Geometric Transformations

Vertex Transformation – A Spacial Odyssey

After going through the novice “initiation” part of this tutorial series, you now possess a better grasp on the elemental aspects of real-time 3D rendering in modern OpenGL. There’s a lot of ground to cover still, and at this point it’s time to set a solid foundation in basic matrix operations and how linear transformations are used in order to place objects in the scene.

For some this will be known as the “dreaded math chapter.” Math enthusiasts may be disappointed that the presented material does not go into greater detail on homogeneous coordinate spaces. There will be a “further reading” section in the last part of this tutorial set covering a collection of examples and exercises aimed at improving the understanding of geometric transformations.
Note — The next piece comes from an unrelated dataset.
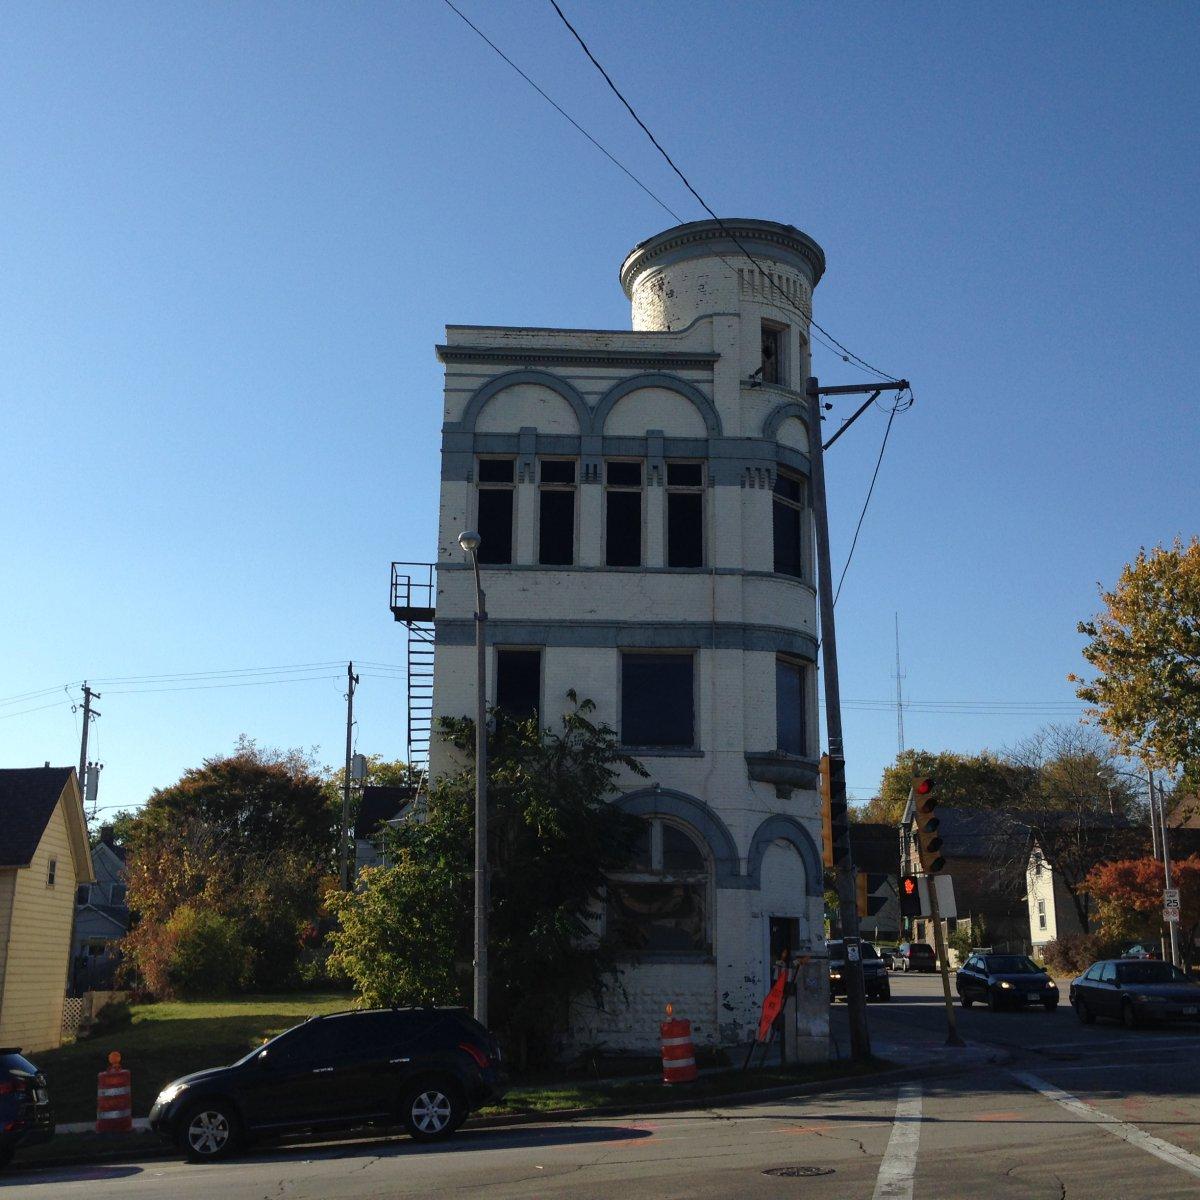 2249 N. Humboldt Ave.

Concepts such as 2D and 3D coordinate systems, matrix/vector representations and operations are the mathematical foundations that you need to know in order to survive computer graphics.

When using low-level APIs such as OpenGL, a frame of reference to measure and locate against is always required in order to draw objects. In other words, a coordinate system must be specified along with a way in which this is mapped into physical screen pixels.

Deep Thought - Hitchhicker's Guide To The Galaxy

Deep Thought – Hitchhiker’s Guide To The Galaxy

In the previous chapter we have briefly touched the 2D Cartesian Coordinate system, and coordinate clipping – a method of telling OpenGL how to translate specific coordinate pairs into screen coordinates by specifying the region of Cartesian space taking up the window area. Since your clipping area (width, height) will seldom exactly match the window area in pixels, the notion of viewport came about. This is responsible for mapping from a logical Cartesian system to physical screen pixel coordinates. Essentially, it deals with describing the clipping area within the window. By introducing the depth component we transition from a 2D Cartesian coordinate system to a 3D coordinate system, which brings us to our current topic: how do we go from a 3D coordinate system (our object’s state) to a 2D system (screen space) using the OpenGL API? The short answer: geometric transformations and matrix manipulation.

Geometrical transformations & matrix basics

From a mathematical point of view, a matrix is a rectangular array of values separated into rows and columns, and is treated as a single entity. Matrices can be multiplied by vectors, scalars, and other matrices. This is important because when a vector (describing the location of an object – a vertex in a mesh) is multiplied by a matrix (describing a number of transforms such as translation, rotation, scaling, shearing, etc.), the resulting vector will contain the new location, orientation, and size information from the matrix transform.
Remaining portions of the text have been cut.